The results show that Jia Tan also known as JiaT75:

  • Contributed 449 commits to the repository.

  • Operated from 3 different timezones during his activity period.

  • Exhibited 14 timezone changes, exceeding the threshold of 2, which flags them as “suspicious.”

These irregular patterns warrant further investigation and could have raised red flags before the backdoor was merged.

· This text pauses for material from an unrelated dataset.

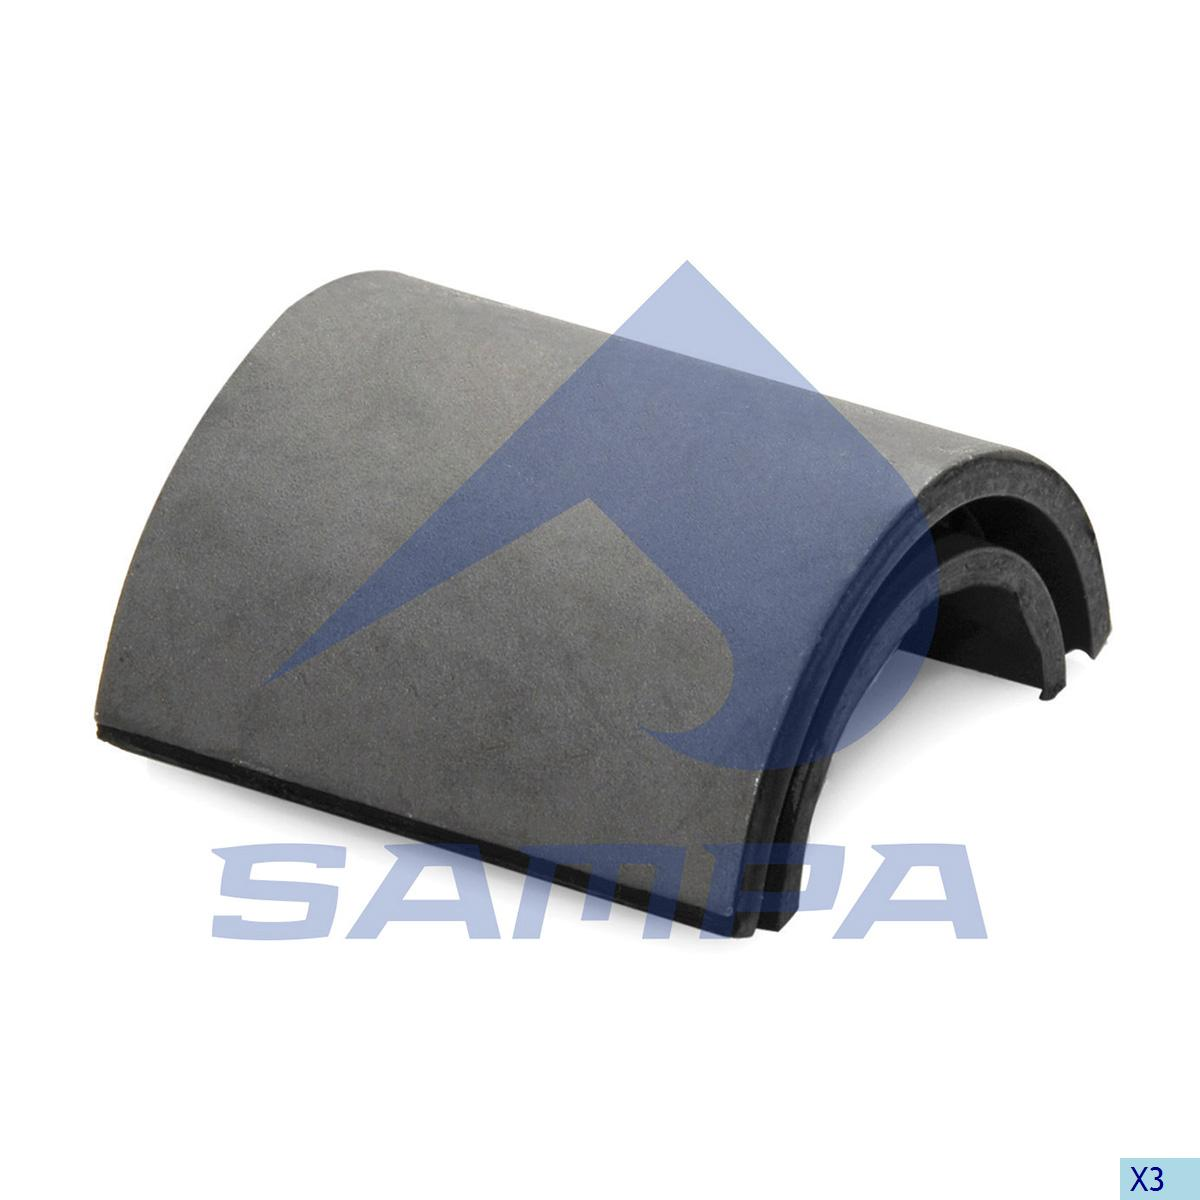 Half Bearing, Stabilizer Bar, Iveco, Suspension

Obviously not all activities are not suspicious. The result above also show legit activity like the ones from Lasse and Jonathan. But the one from Jia as been proven to be security attack lead through social engineering.

Lessons Learned

This case highlights the importance of monitoring contributor activity, especially in critical open source projects.

By using tools like Defected, maintainers can:

  1. Proactively identify suspicious contributors.

  2. Investigate anomalies in commit patterns.

  3. Prevent security risks, such as backdoors, before they impact end users.

Why This Matters

The case of Jia Tan (JiaT75) is a reminder that even trusted repositories can be compromised. Open source maintainers need tools like Defected to protect their projects from potential threats by identifying early warning signs such as irregular timezone changes.

Obviously, not all timezone changes are suspicious, many of them are legit, but like demonstrated by xz example some are real attempts. JiaT75 tried to show that he was located in Asia where some timezone changes reflect Eastern Europe timezone.

That’s like a cold case where a small oversights can reveal significant details.